*** Information shown Section Begins ***
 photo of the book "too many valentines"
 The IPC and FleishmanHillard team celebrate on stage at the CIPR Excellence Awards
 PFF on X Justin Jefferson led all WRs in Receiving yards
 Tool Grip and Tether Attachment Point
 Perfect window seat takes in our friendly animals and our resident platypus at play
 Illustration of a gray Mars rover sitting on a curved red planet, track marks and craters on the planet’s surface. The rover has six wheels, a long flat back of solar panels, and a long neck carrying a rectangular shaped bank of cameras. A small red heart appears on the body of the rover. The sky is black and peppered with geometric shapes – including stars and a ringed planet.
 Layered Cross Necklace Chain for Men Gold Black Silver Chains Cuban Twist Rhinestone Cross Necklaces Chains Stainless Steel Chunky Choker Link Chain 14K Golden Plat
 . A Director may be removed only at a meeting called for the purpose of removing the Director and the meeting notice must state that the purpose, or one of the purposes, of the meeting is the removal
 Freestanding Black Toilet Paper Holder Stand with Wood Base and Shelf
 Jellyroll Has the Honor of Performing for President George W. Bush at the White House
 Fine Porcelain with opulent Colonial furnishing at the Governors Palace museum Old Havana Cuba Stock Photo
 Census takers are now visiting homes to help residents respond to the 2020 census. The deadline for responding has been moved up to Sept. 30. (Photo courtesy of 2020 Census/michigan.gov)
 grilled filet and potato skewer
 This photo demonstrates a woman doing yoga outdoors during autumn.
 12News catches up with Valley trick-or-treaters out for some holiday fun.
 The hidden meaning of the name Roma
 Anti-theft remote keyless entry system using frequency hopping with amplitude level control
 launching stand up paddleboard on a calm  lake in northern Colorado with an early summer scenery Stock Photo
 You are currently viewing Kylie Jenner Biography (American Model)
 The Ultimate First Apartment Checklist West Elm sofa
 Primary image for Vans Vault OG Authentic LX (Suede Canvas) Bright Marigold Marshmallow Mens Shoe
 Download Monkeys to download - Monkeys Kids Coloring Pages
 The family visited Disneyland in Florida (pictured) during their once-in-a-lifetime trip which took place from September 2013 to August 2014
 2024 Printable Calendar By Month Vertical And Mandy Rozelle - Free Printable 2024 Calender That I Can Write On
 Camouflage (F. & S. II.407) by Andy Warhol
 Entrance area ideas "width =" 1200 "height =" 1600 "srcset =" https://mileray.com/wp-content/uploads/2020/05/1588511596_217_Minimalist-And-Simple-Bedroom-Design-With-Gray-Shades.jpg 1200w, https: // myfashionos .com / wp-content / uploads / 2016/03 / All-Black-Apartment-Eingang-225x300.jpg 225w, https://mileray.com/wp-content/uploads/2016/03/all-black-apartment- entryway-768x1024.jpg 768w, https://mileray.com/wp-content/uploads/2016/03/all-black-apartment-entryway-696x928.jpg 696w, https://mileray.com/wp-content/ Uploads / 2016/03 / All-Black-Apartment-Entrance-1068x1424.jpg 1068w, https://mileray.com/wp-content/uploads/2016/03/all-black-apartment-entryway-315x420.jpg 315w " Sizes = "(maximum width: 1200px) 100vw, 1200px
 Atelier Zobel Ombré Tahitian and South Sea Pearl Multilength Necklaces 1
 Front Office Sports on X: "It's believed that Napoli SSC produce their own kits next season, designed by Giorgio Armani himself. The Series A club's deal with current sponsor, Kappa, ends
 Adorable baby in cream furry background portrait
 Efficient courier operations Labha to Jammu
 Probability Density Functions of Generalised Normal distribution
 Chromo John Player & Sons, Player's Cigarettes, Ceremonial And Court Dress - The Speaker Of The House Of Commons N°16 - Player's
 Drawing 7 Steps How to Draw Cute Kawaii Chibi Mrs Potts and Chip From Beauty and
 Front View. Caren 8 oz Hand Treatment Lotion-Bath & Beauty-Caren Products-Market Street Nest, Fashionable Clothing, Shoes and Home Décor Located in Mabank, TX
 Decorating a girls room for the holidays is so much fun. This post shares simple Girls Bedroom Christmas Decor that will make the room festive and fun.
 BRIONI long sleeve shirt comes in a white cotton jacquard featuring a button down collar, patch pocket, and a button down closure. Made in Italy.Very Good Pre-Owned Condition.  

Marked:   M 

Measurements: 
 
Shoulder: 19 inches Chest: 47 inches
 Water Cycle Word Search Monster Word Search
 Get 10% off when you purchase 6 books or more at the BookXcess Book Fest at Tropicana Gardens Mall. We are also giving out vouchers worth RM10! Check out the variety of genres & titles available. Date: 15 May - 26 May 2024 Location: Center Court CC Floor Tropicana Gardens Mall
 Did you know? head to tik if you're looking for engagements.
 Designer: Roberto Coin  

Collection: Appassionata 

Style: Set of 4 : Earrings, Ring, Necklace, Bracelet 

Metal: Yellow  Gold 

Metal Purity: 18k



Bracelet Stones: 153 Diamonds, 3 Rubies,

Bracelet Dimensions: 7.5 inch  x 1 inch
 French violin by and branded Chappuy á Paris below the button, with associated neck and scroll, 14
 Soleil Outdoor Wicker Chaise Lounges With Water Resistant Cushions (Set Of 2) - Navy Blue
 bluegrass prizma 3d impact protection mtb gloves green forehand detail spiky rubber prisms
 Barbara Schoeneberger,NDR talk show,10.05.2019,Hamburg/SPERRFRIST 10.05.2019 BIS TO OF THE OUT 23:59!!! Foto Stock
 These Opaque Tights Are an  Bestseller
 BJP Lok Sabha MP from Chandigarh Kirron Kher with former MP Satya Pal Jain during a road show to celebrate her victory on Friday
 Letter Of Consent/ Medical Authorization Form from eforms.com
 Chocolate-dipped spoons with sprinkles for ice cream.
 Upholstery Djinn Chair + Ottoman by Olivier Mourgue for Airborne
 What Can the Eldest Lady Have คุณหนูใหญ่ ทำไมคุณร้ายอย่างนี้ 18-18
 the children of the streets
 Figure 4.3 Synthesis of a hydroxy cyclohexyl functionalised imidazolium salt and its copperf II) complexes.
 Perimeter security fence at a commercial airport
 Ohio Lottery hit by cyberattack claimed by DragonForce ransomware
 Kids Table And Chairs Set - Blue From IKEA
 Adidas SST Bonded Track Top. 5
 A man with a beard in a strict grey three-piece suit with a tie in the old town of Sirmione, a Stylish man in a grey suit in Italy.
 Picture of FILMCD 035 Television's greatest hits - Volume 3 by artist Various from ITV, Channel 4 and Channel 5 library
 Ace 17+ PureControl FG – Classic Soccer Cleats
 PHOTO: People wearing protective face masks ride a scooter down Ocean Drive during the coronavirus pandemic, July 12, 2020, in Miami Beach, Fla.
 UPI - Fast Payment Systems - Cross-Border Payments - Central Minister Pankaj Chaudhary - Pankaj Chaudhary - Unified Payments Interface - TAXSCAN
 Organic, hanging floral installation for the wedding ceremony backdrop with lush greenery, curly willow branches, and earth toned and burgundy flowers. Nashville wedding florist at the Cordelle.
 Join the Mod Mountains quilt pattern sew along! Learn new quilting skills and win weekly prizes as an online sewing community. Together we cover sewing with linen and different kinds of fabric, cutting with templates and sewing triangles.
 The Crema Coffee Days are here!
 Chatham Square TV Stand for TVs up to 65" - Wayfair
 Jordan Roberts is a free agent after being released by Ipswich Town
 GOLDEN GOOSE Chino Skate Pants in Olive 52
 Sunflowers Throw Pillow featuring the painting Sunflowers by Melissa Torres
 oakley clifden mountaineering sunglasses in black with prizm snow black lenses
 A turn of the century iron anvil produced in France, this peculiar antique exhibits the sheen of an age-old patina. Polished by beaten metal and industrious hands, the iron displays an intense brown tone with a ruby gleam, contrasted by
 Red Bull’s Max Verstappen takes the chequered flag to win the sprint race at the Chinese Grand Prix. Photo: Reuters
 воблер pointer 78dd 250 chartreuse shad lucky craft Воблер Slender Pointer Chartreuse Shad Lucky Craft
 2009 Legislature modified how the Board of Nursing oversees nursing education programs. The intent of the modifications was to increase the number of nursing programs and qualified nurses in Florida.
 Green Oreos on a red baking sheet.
*** Information shown Section Ends ***
■ **Problem**:
All lines above from the one containing "bluegrass prizma 3d" to the one containing "the children of the streets" must be repeated exactly, both lines included, and no others.

■ **Solution**:
 bluegrass prizma 3d impact protection mtb gloves green forehand detail spiky rubber prisms
 Barbara Schoeneberger,NDR talk show,10.05.2019,Hamburg/SPERRFRIST 10.05.2019 BIS TO OF THE OUT 23:59!!! Foto Stock
 These Opaque Tights Are an  Bestseller
 BJP Lok Sabha MP from Chandigarh Kirron Kher with former MP Satya Pal Jain during a road show to celebrate her victory on Friday
 Letter Of Consent/ Medical Authorization Form from eforms.com
 Chocolate-dipped spoons with sprinkles for ice cream.
 Upholstery Djinn Chair + Ottoman by Olivier Mourgue for Airborne
 What Can the Eldest Lady Have คุณหนูใหญ่ ทำไมคุณร้ายอย่างนี้ 18-18
 the children of the streets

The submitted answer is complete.